2,6-Di-tert-butylnaphthalene adalah senyawa kimia yang digunakan dalam berbagai reaksi kimia untuk sintesis senyawa kompleks. Bahan ini berperan sebagai bahan dasar atau building block dalam pembuatan senyawa aromatik dengan substitusi tert-butil. Dalam laboratorium, senyawa ini sering digunakan sebagai bahan bantu untuk reaksi substitusi, oksidasi, atau reduksi yang memerlukan struktur naphthalene sebagai dasar.
Karena struktur molekulnya yang stabil dan memiliki titik didih yang tinggi, senyawa ini cocok untuk digunakan dalam reaksi yang memerlukan kondisi suhu tinggi. Sifat non-polar dan kemampuannya untuk berikatan dengan berbagai gugus fungsional menjadikannya pilihan yang baik untuk berbagai aplikasi sintetik.
Di laboratorium Indonesia, senyawa ini sering digunakan dalam penelitian kimia organik, terutama di institusi pendidikan tinggi dan lembaga penelitian. Bahan ini juga menjadi bagian dari eksperimen yang memerlukan senyawa aromatik dengan substitusi tertentu.
- Sintesis senyawa aromatik dengan substitusi tert-butil untuk penelitian kimia organik
- Penggunaan dalam reaksi substitusi untuk pengembangan senyawa baru
- Bahan bantu dalam reaksi oksidasi dan reduksi yang memerlukan stabilitas struktur
- Komponen dalam pembuatan senyawa farmakologis dan bahan kimia industri
- Aplikasi dalam penelitian material dengan struktur kompleks dan sifat tertentu
| Merek | TCI |
|---|---|
| Nomor CAS | 3905-64-4 |
| Rumus molekul | — |
| Kemurnian | — |
| Kategori | Chemistry > Building Blocks > Non-Heterocyclic Building Blocks |
| Ukuran kemasan | 5g, 25g |
| Bentuk fisik | Padat (cairan atau padat tergantung pada kondisi penyimpanan) |
| Penyimpanan | Simpan dalam wadah tertutup rapat di tempat sejuk dan kering |
Senyawa ini harus disimpan dalam wadah yang kedap udara dan jauh dari sumber panas serta sinar matahari langsung. Karena sifatnya yang non-polar, wadah yang terbuat dari plastik atau kaca yang tahan terhadap bahan kimia adalah pilihan yang tepat. Selama penanganan, harus memakai alat pelindung diri seperti sarung tangan dan masker untuk menghindari kontak langsung dengan kulit atau inhalasi.

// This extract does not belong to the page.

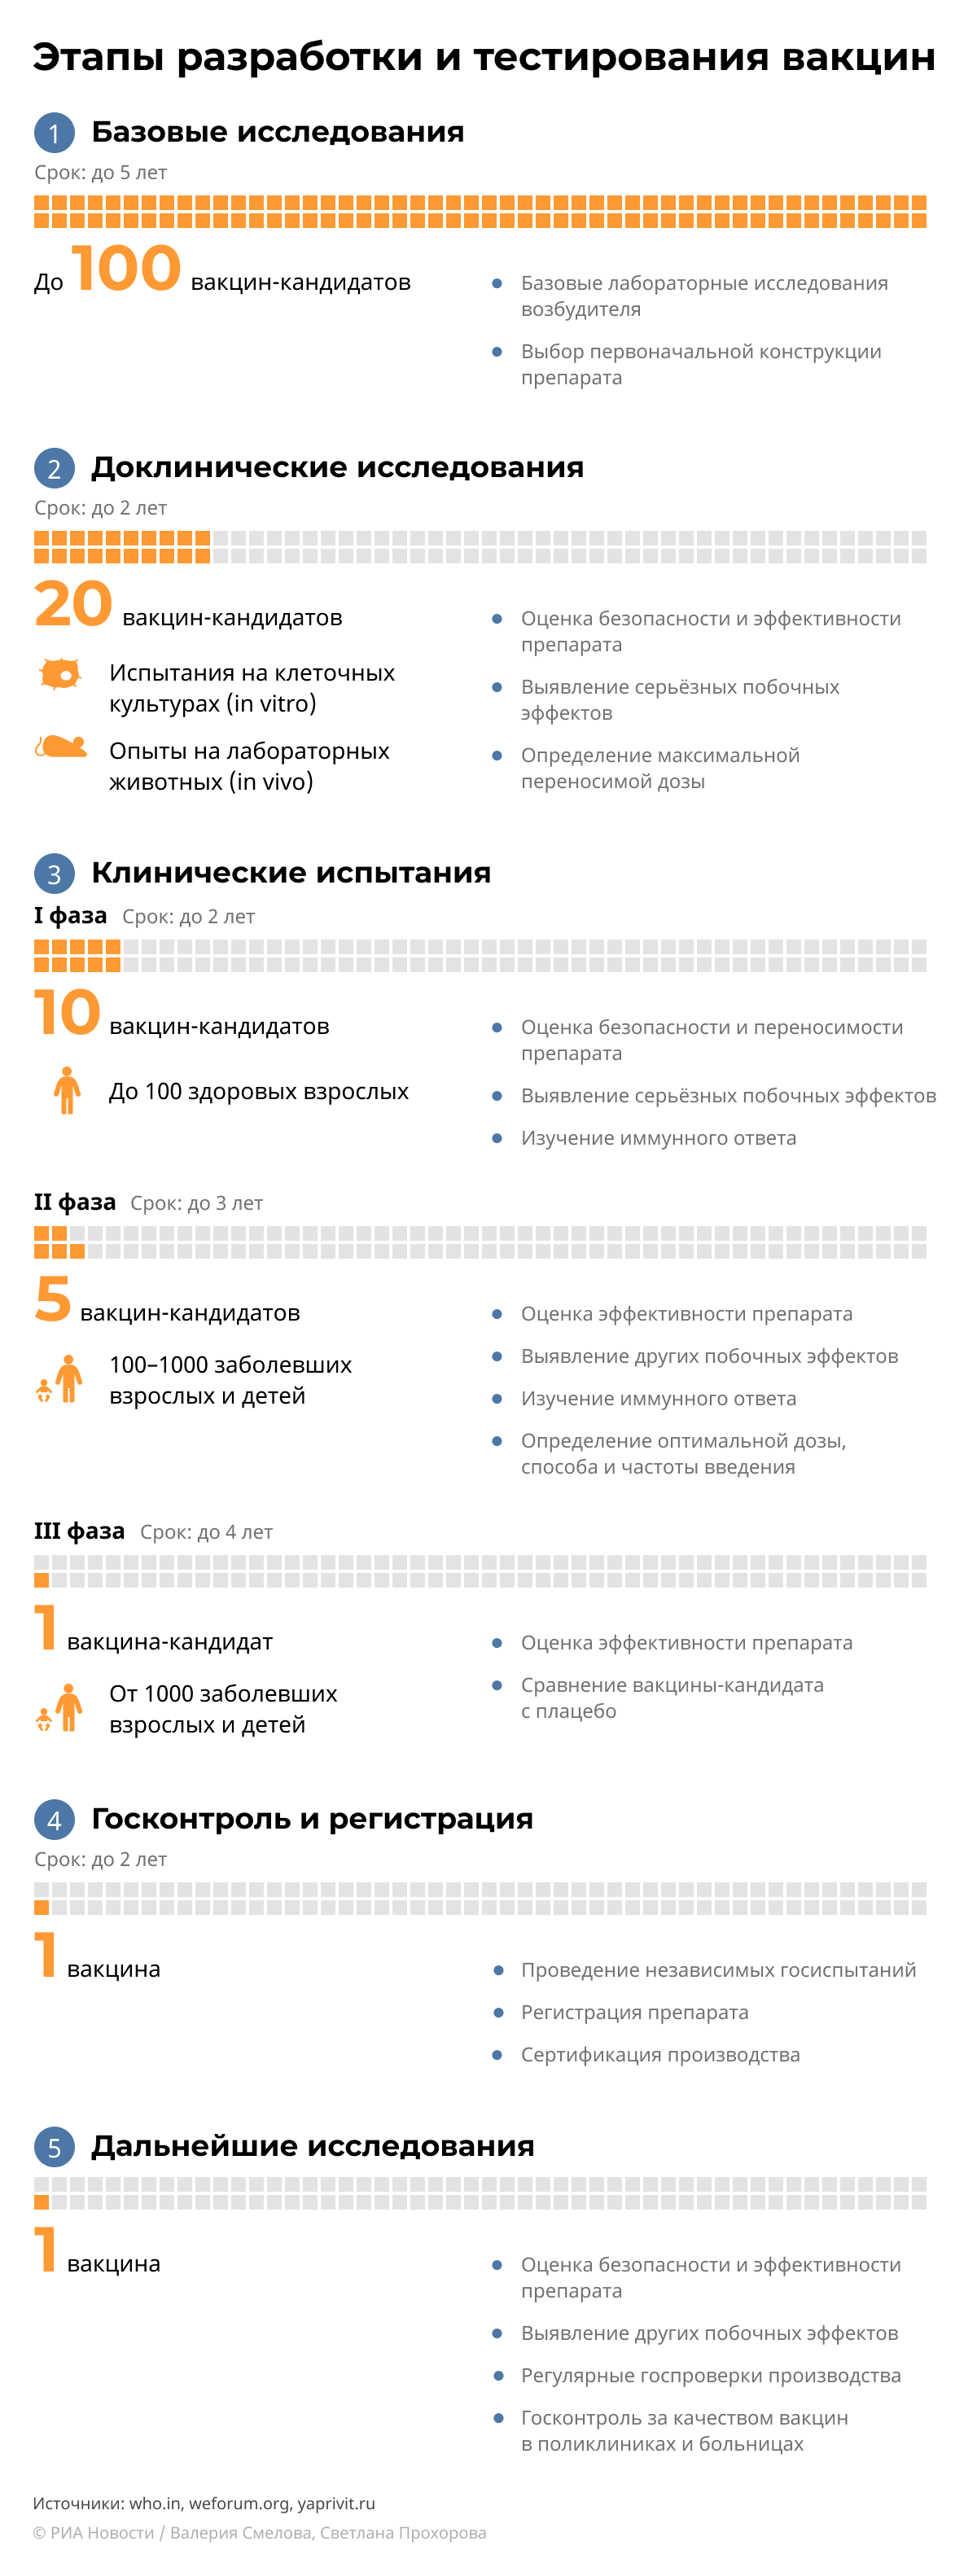 Инфографика: Как разрабатывают вакцины - Sputnik Азербайджан
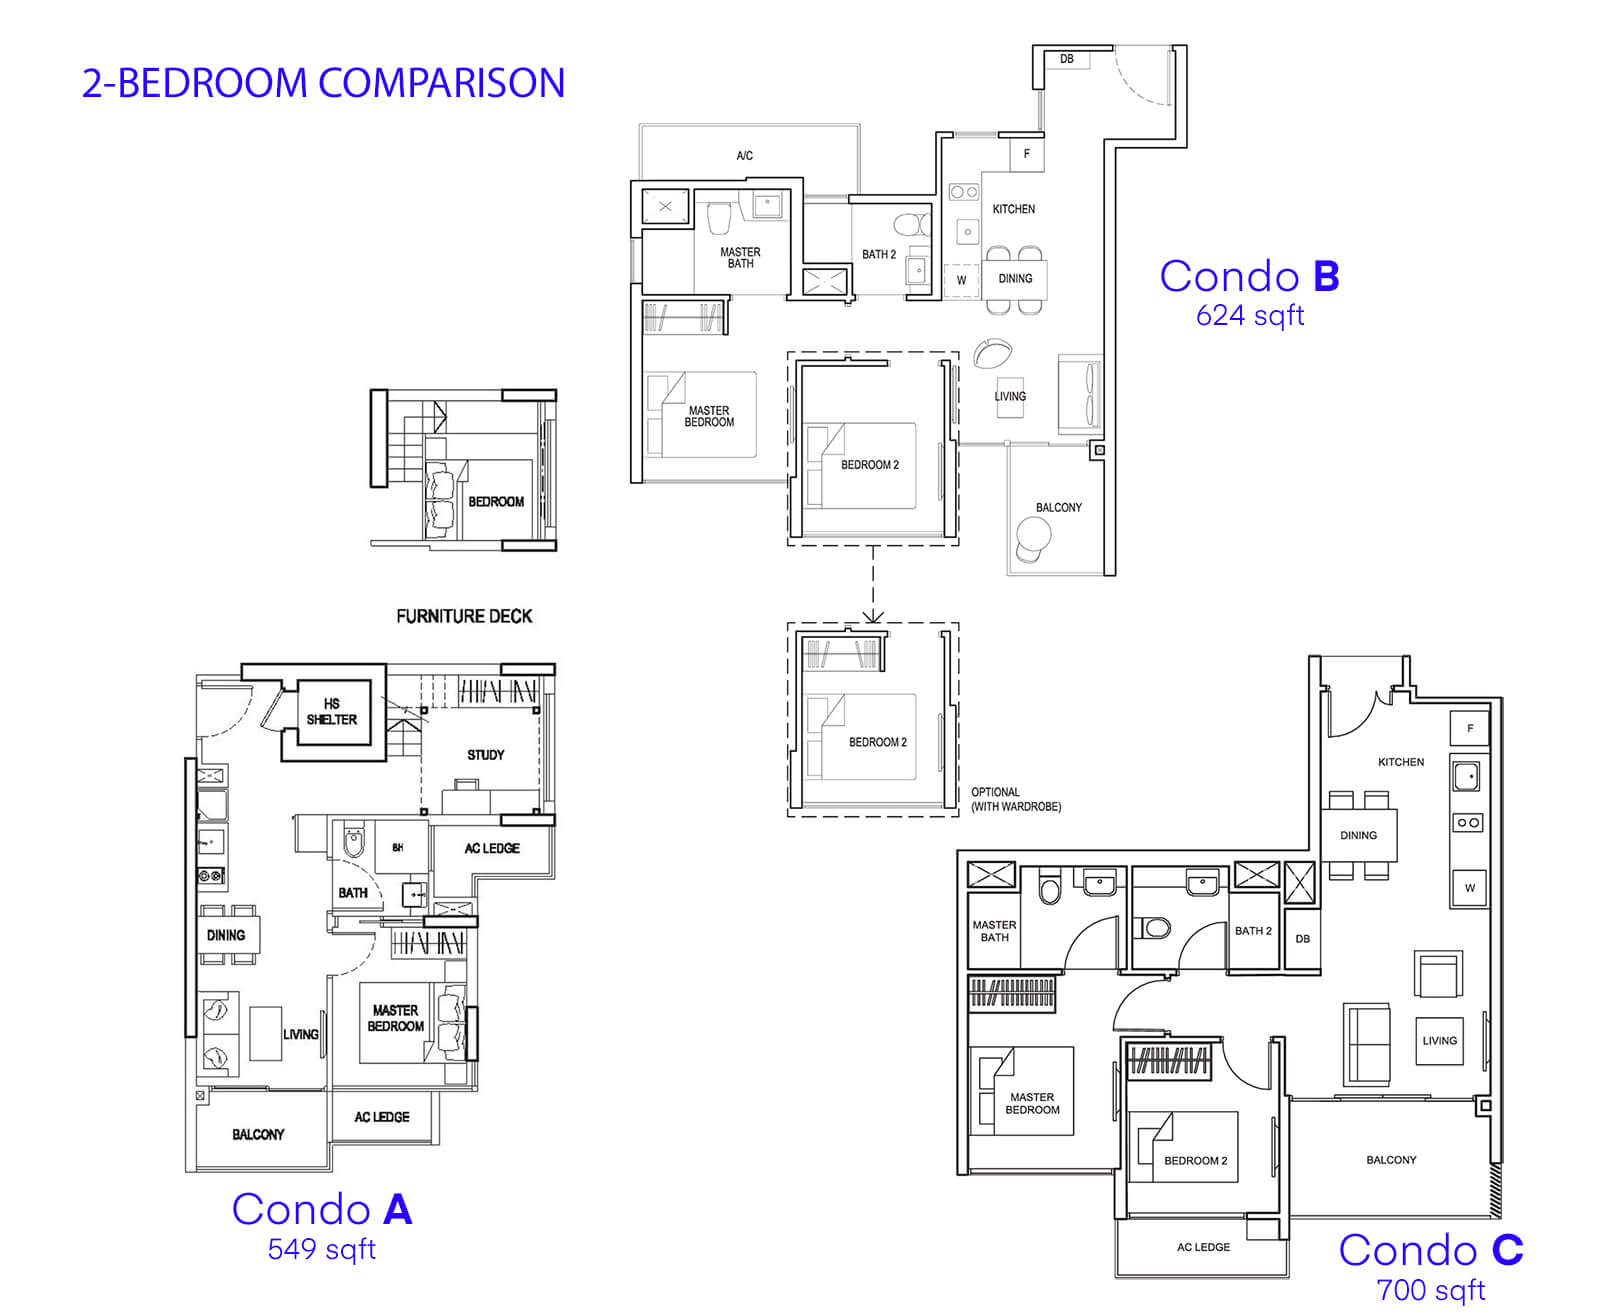 Tanah Merah Condo 2-Bedroom Comparison

- Rheingold dkk. (2000). Superlattices, polymorphs and solid-state NMR spin–lattice relaxation (T1) measurements of 2,6-di-tert-butylnaphthalene. Chemical Communications doi:10.1039/a909449k
- Dastjerdi dkk. (2024). Molecular mechanisms of asphaltene stabilization by 2,6-Di-tert-butylnaphthalene. Colloids and Surfaces A: Physicochemical and Engineering Aspects doi:10.1016/j.colsurfa.2023.132714
- MIKI dkk. (1992). ChemInform Abstract: Synthesis and Photoreaction of 1,2,3,4‐Tetra‐tert‐butylnaphthalene: A Highly Crowded Naphthalene Derivative and Its Valence Isomers.. ChemInform doi:10.1002/chin.199240101
Referensi dihimpun otomatis dari Crossref dan setiap DOI diverifikasi keberadaannya. AMI Scientific tidak berafiliasi dengan penulis maupun penerbit.